::: Data section

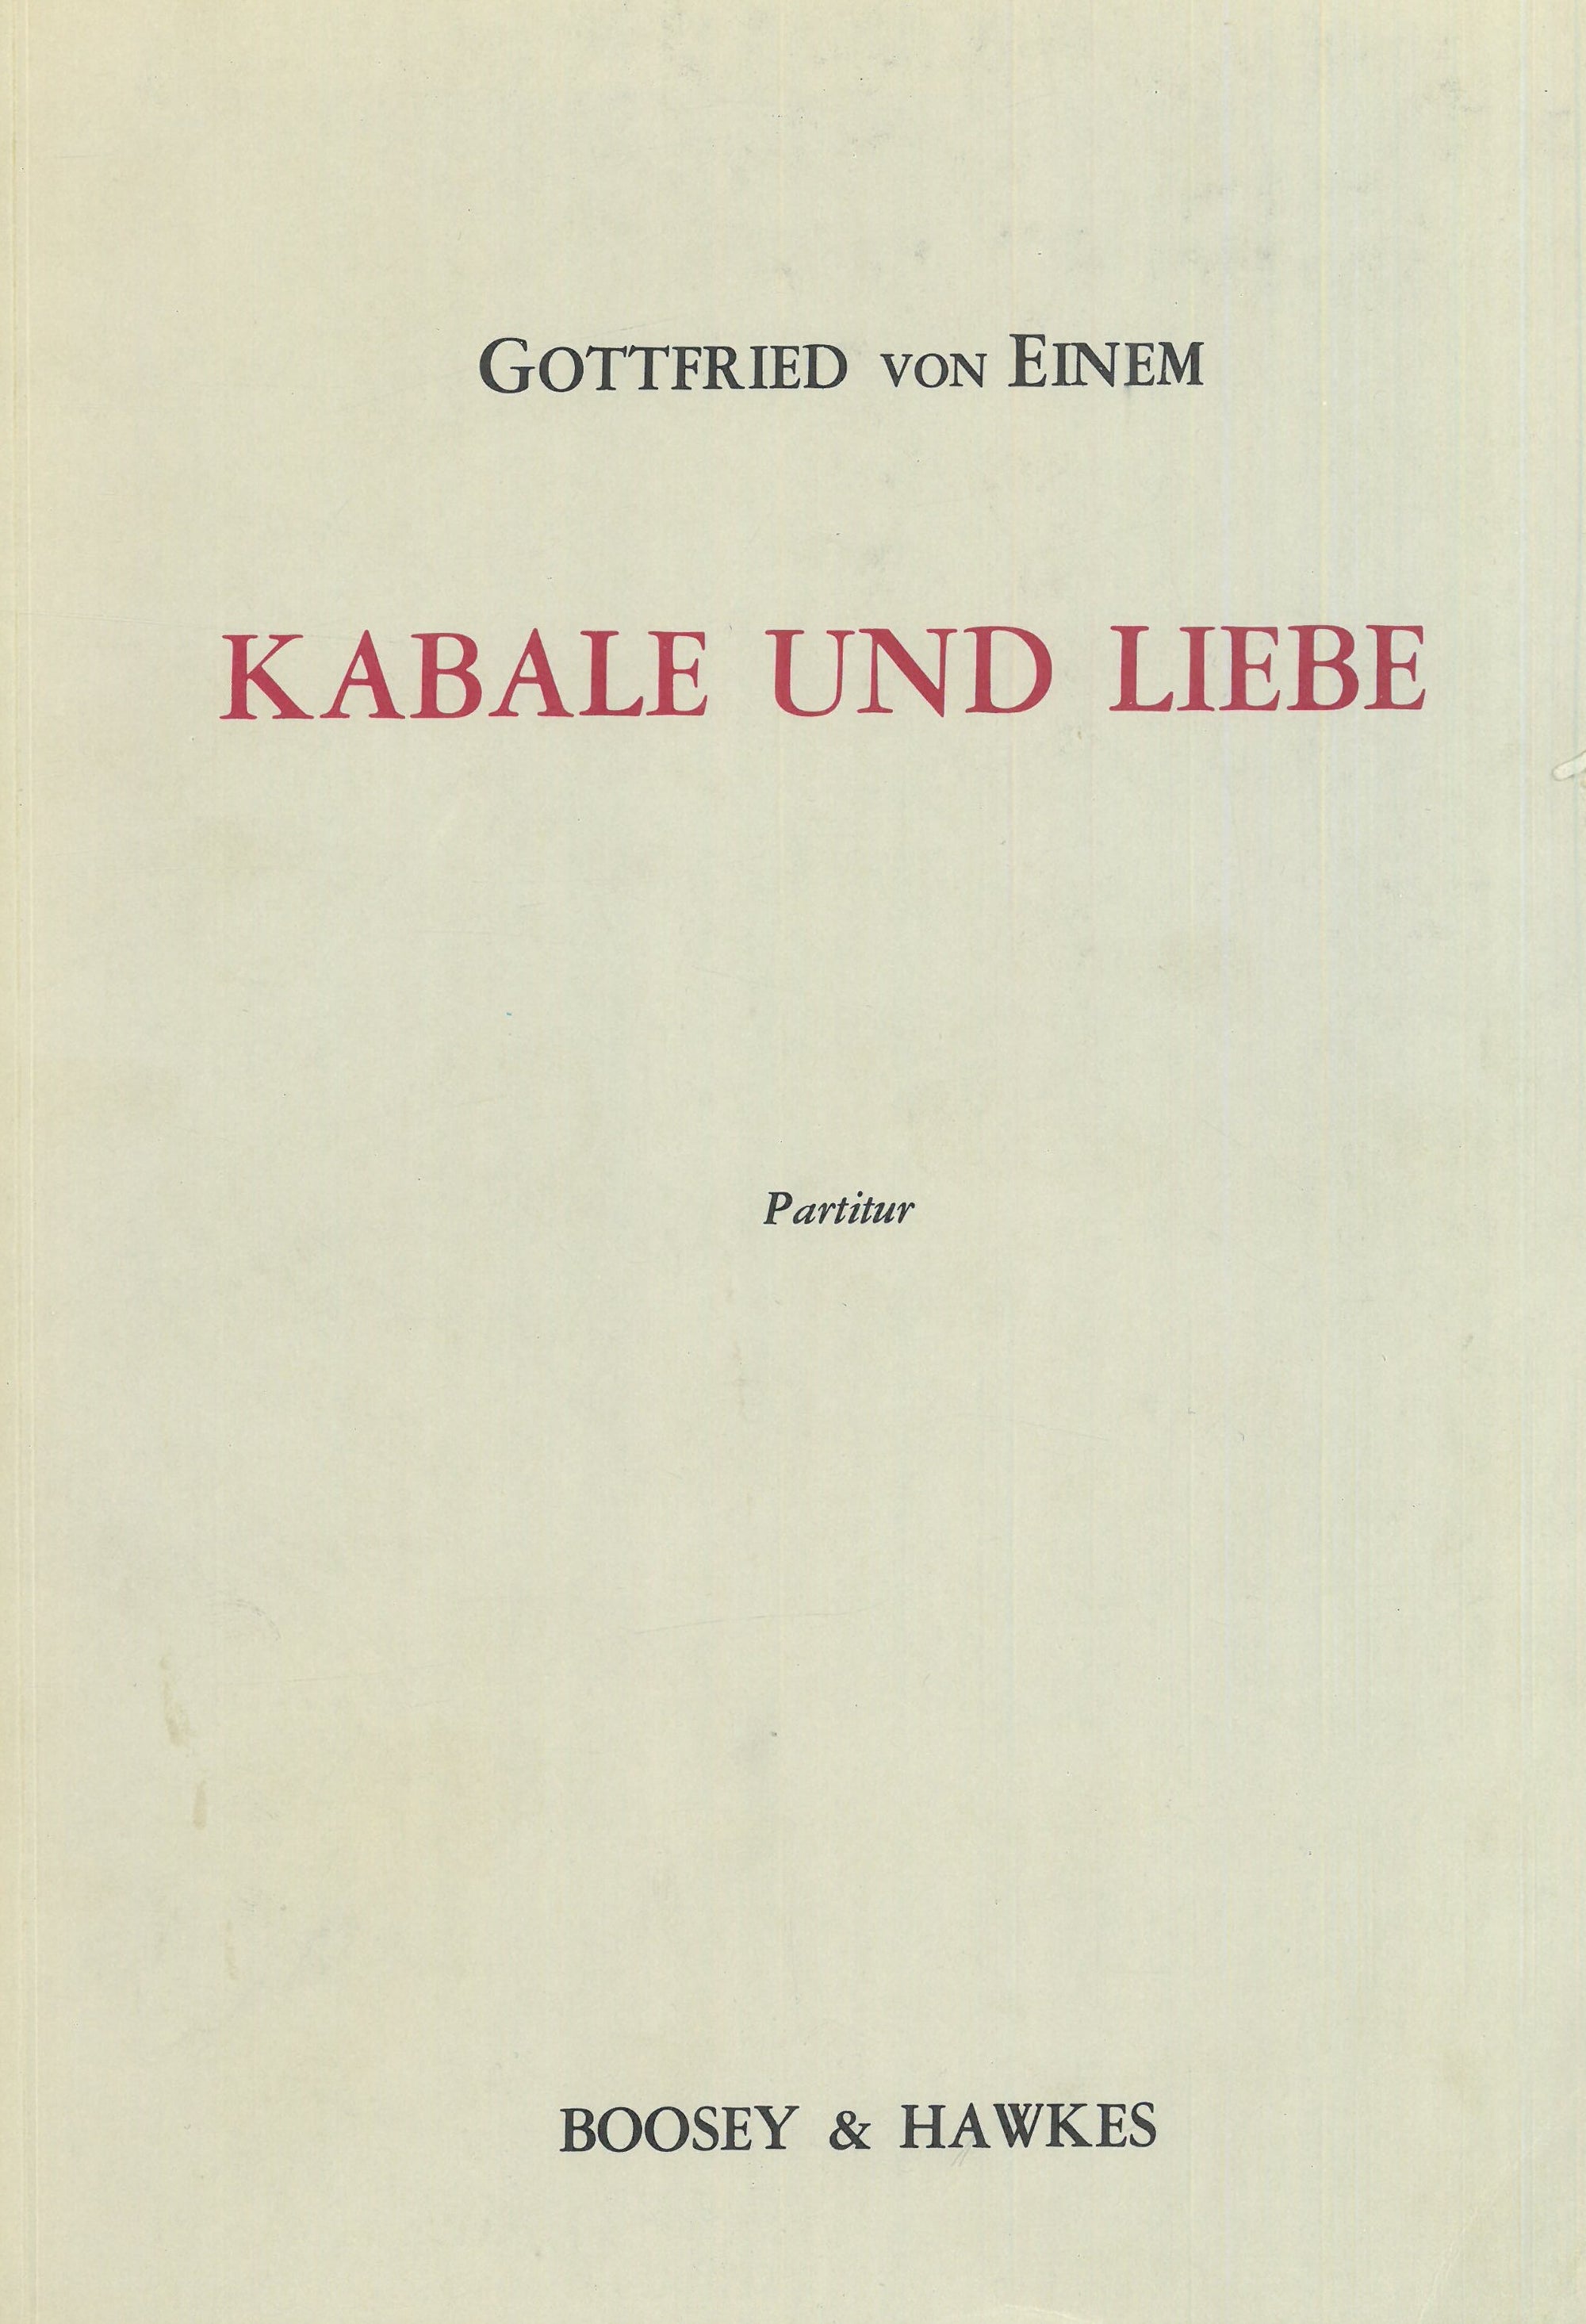 Einem: Kabale and Liebe, Op. 44
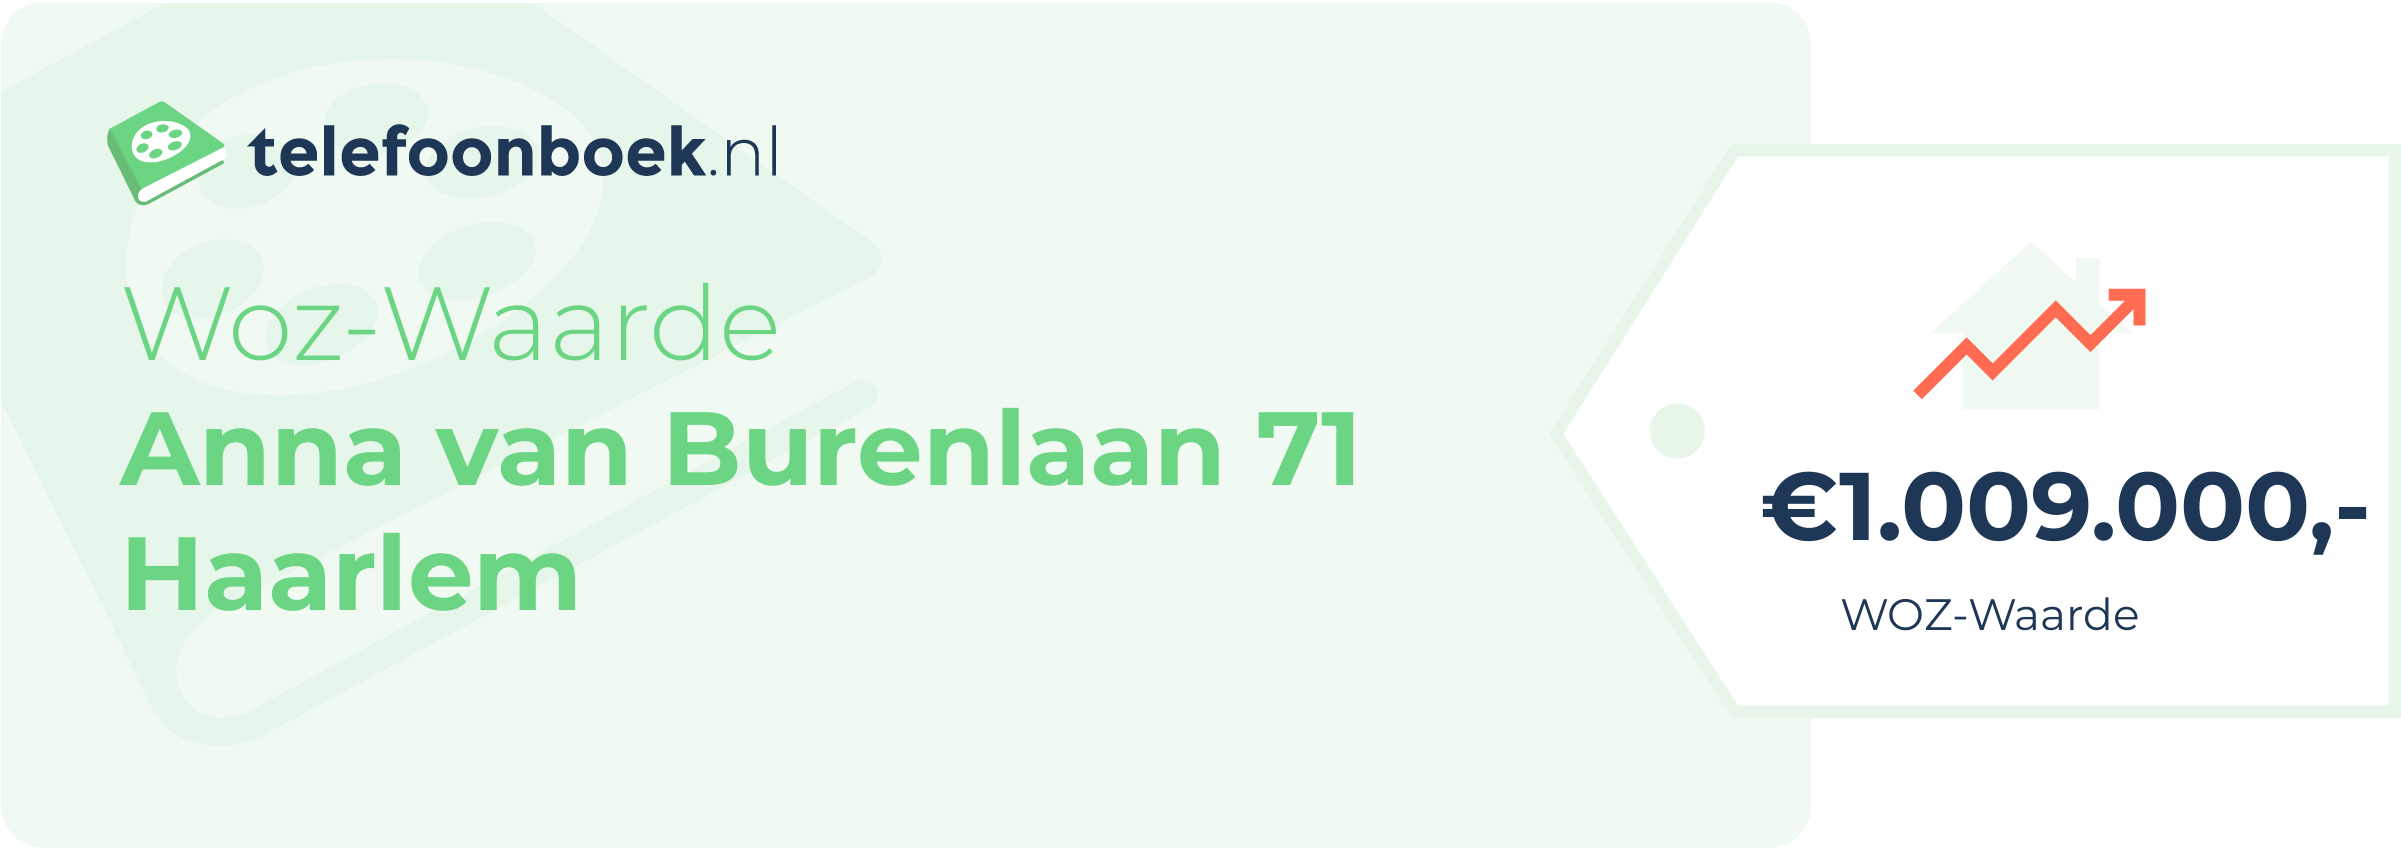 WOZ-waarde Anna Van Burenlaan 71 Haarlem
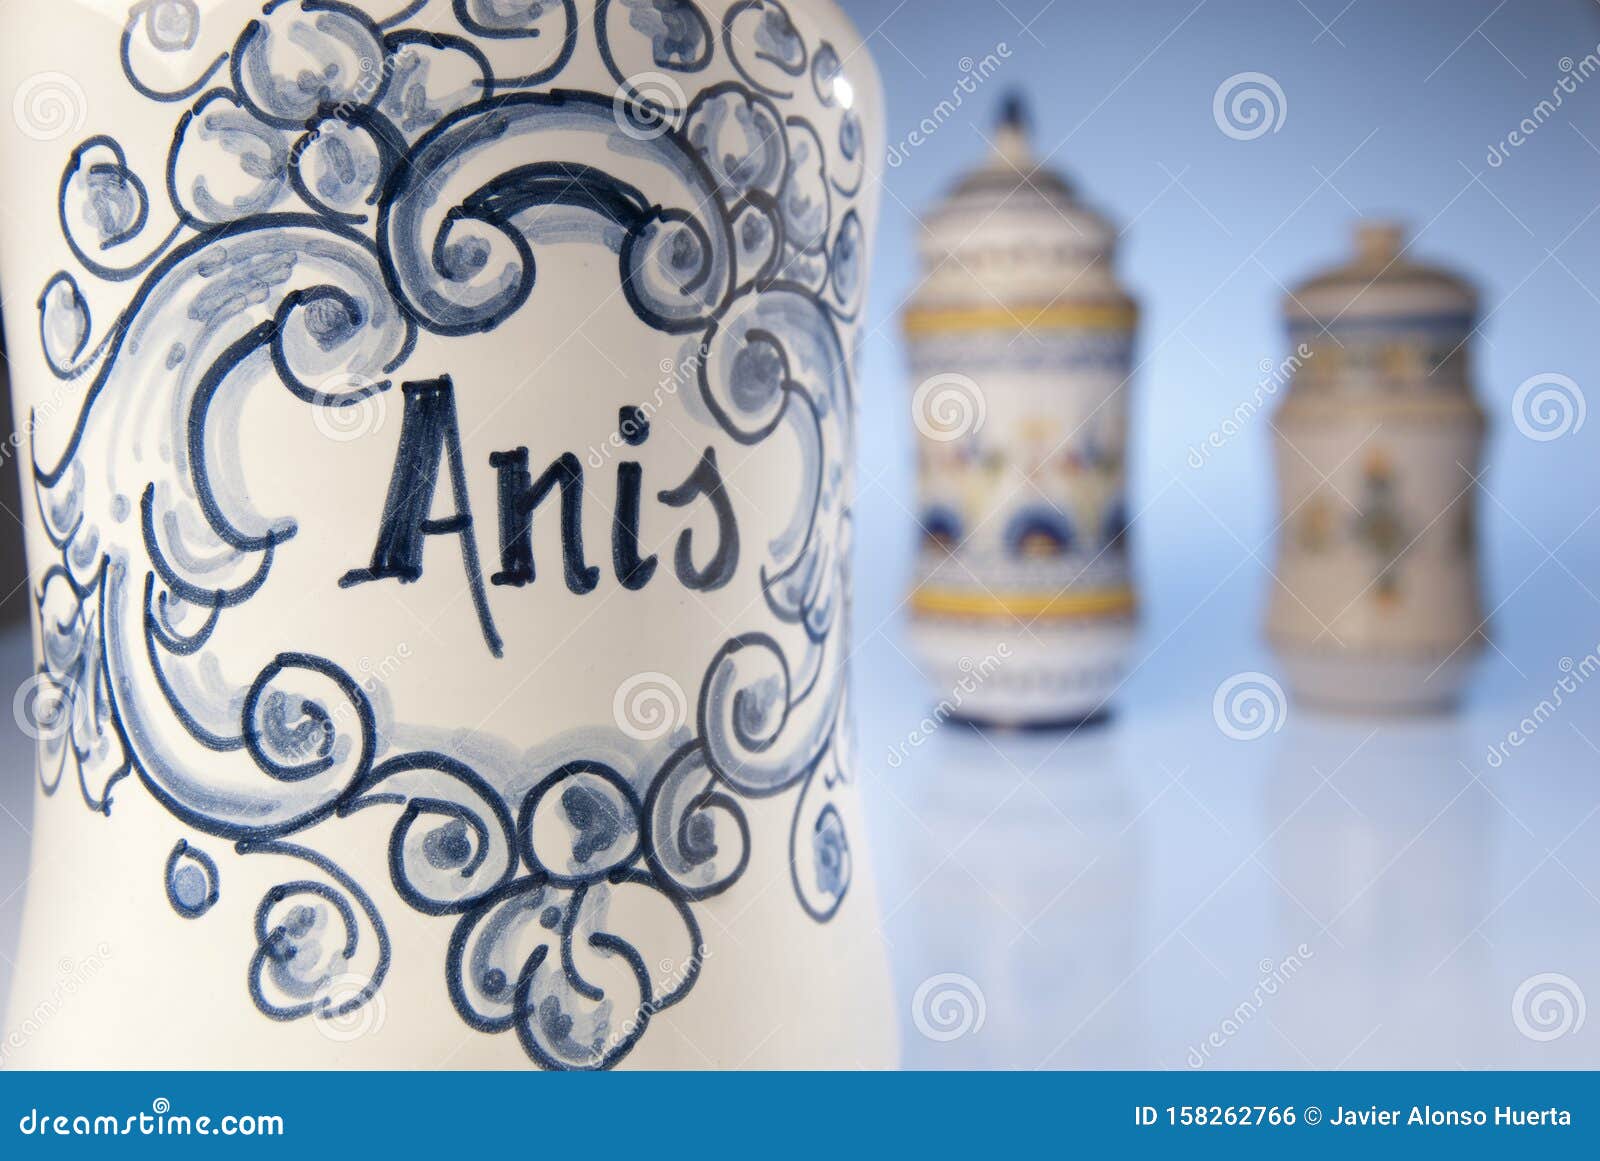 antique pharmacy jars of artisanal ceramics, medicinal herbs

::::::

- Exercise instructions -
Give the data again word for word, without pictures.

- Response for this exercise -
 Einem: Kabale and Liebe, Op. 44
 WOZ-waarde Anna Van Burenlaan 71 Haarlem
 antique pharmacy jars of artisanal ceramics, medicinal herbs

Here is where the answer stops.